Шпрехт переминается с ноги на ногу. На нем драные спортивные штаны, сквозь которые видны волосатые синие ноги, всунутые в розовые с помпонами женские тапочки. Нежность их цвета оттеняет грязь ног, особенно въевшуюся над пятками. Тема грязных ног Шпрехта — это тоже предмет разговора, как и звезда на небе. Никогда не знаешь, какую начнет спикер Сорока. Он всегда успевает со словом раньше других, у него большой стаж по произнесению слов. На этот раз виноват Панин, и ноги Шпрехта утихомириваются в топтании на месте. Дались они Сороке, можно подумать, у самого чище. Вот руки у Шпрехта точно чище, он их всегда протирает «Тройным» одеколоном — и дезинфекция, и лечение суставов. «Тройной» замечательно помогает. Ни водка, ни «Шипр» не идут в сравнение. У Шпрехта два ящика «Тройного». Этого не знает никто, он нес его по улице под видом глицерина. А то бы уже не спастись. Силу «Тройного» народ знает. И для втирания в кость, и от простуды на грудь смоченная тряпочка, ну, и, конечно, для дезинфекции. Это в их случаях дело наипервейшее.
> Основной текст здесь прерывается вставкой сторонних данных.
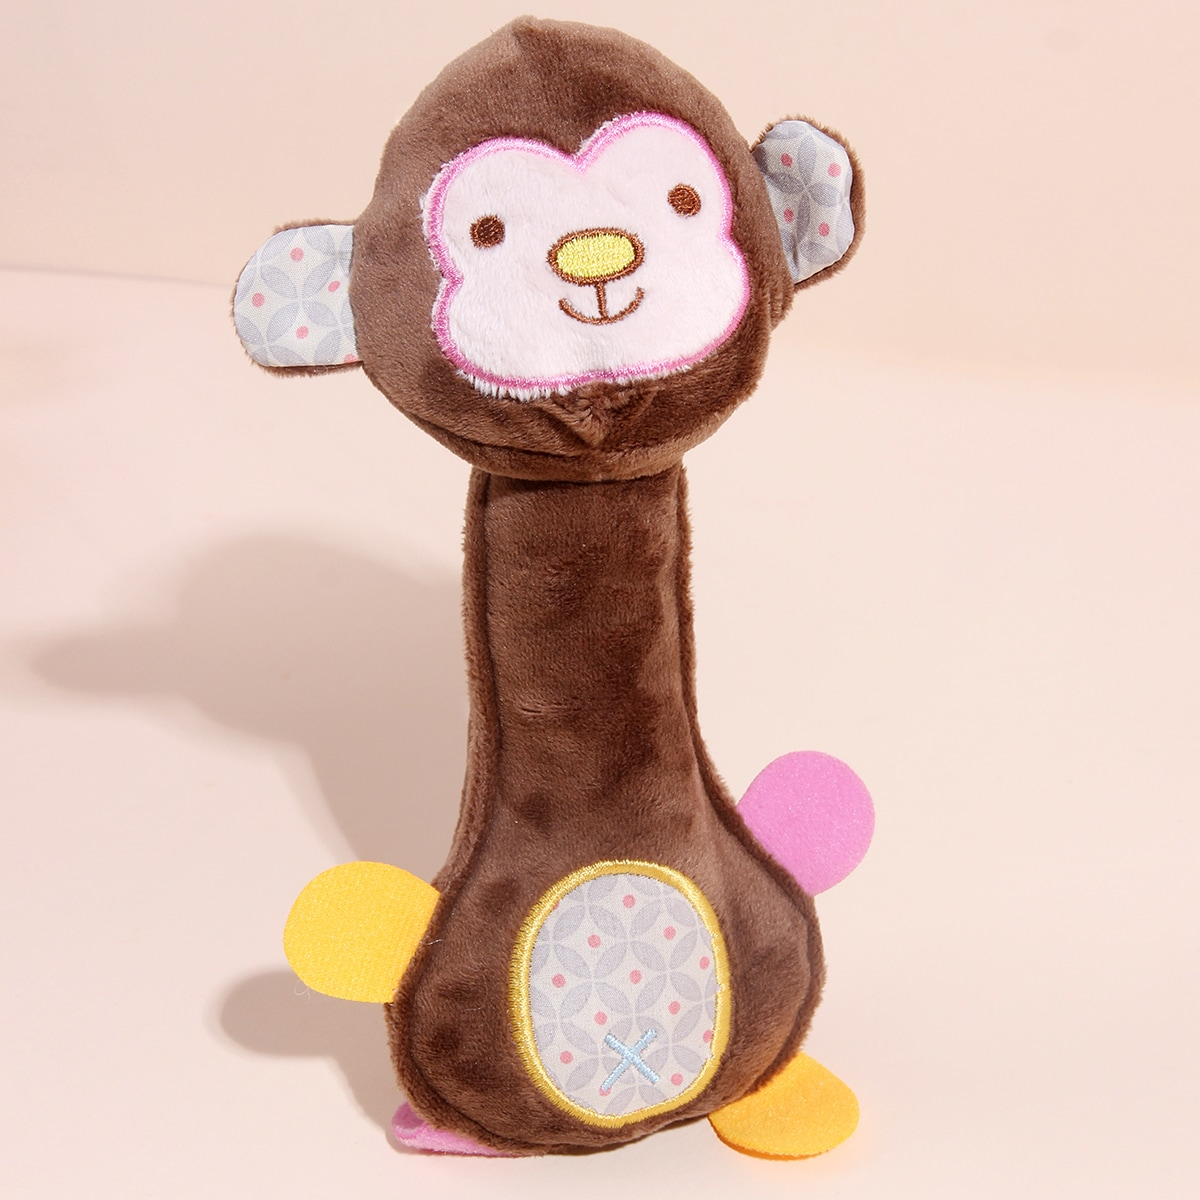 Hund Soundspielzeug mit Affe Design
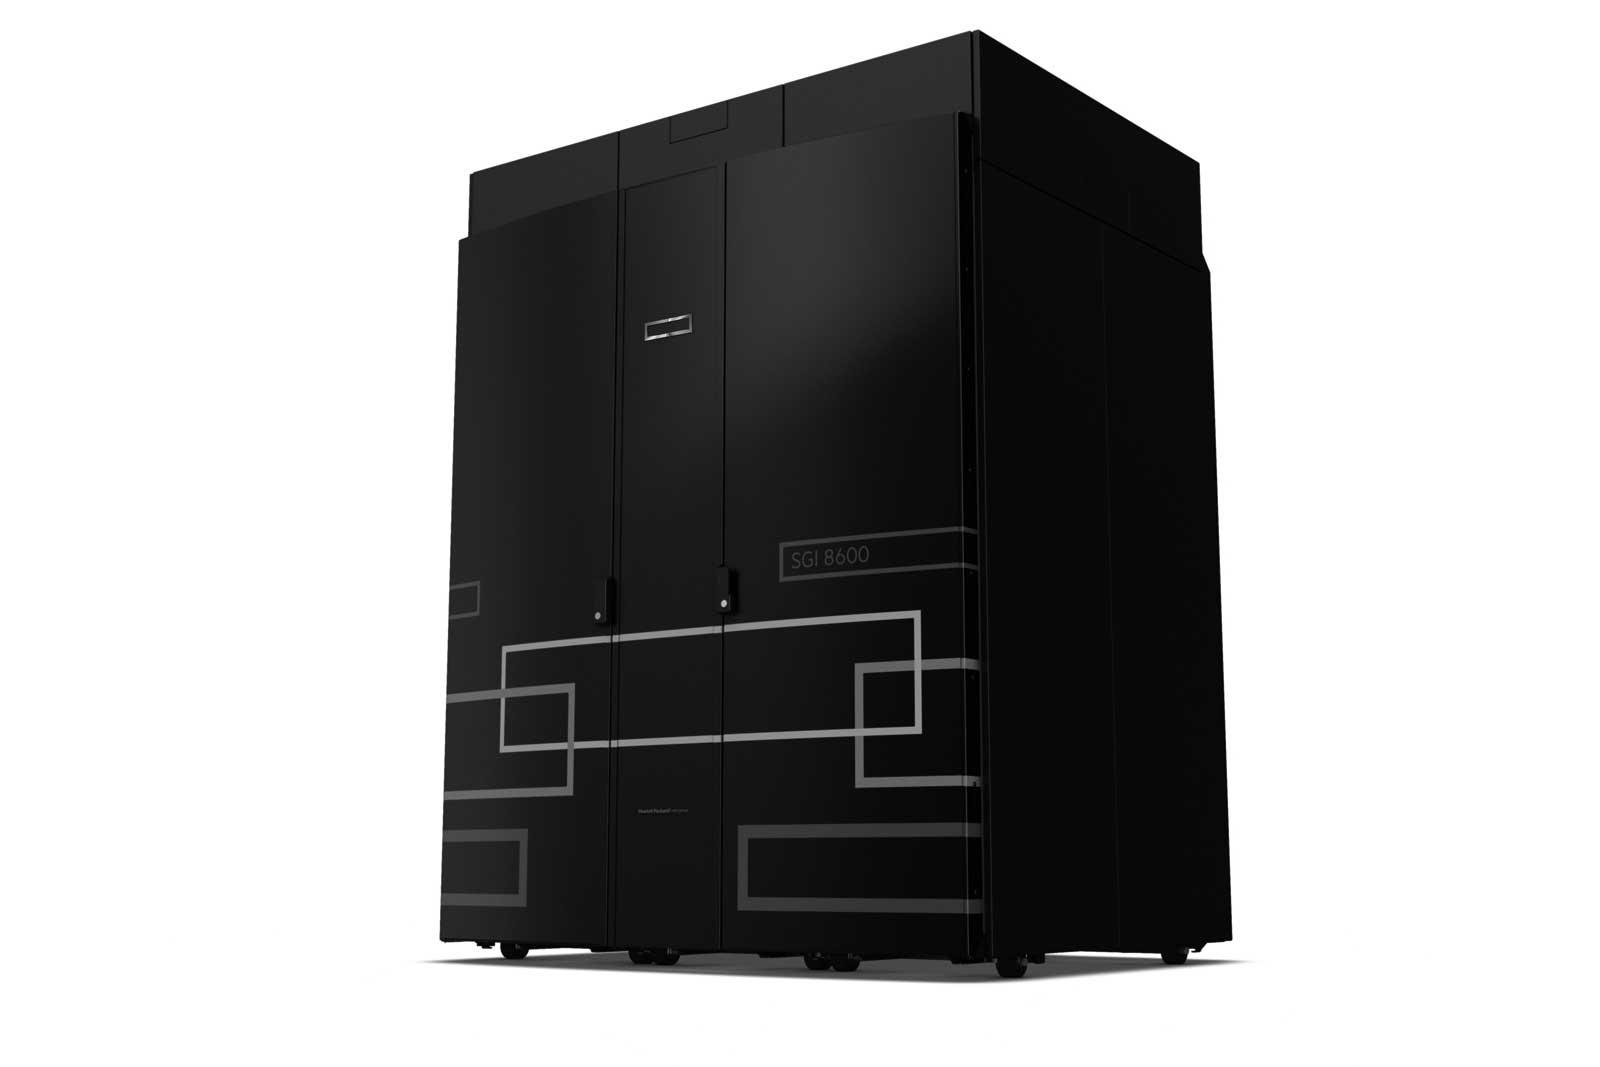 HPE создала суперкомпьютер Blue Brain 5 для симуляции мозга млекопитаю

— Плохо играл «Спартак», — говорит успокоившийся звездным поворотом разговора Шпрехт. — Без настроения, не то что раньше.
— Все разваливается, — отвечает Сорока. — Купил хлеб, а он внутри сырой, прямо мокрый. Я случай помню. После войны один раз неудачный хлеб испекли, так зава хлебозаводом на другой же день посадили.
— Это ваши методы, — говорит Панин, — а сорок лет прошло, и что? Хлеб так и пекут сырой.
— У футболистов нет материальной заинтересованности… — идет своим путем Шпрехт.
— Это у них-то? — кричит Сорока. — Когда на всем готовом?
— Тоже ваши методы — все готовое. А мне не надо ваше готовое! — Панин уже совсем зачернобагрел. — Мне оплати как следует мой труд.
— После войны шахтерам платили будь здоров, — вздыхает Шпрехт. — Ценили. А потом все выкинштейн. Сравняли с наземными работами.
— Правильно сравняли, — говорит Сорока. — Вы за-елись. Как короли тогда жили. А что, другие вас хуже? Тот же наземник Панин.
— Так не Панину же шахтерские деньги отдали, а вашему брату. Чинодралу райкомовскому.
— А вы без нас — пыль. Были, есть и будете. Временная буза кончится, и станете по линеечке. Как миленькие.
— Мы уже не встанем. Мы пар отработанный. Наше дело судна выносить. — Шпрехт снял розовую тапку и вытряс из нее камушек. Грязную ногу при этом поставил на землю. Кривые пальцы мяли ее и получали от этого удовольствие. Что он мучается этими помпонами? Снял и вторую тапку, радостно погружаясь в жирную пыль.
— Так потом и ляжешь в кровать? — спросил Сорока.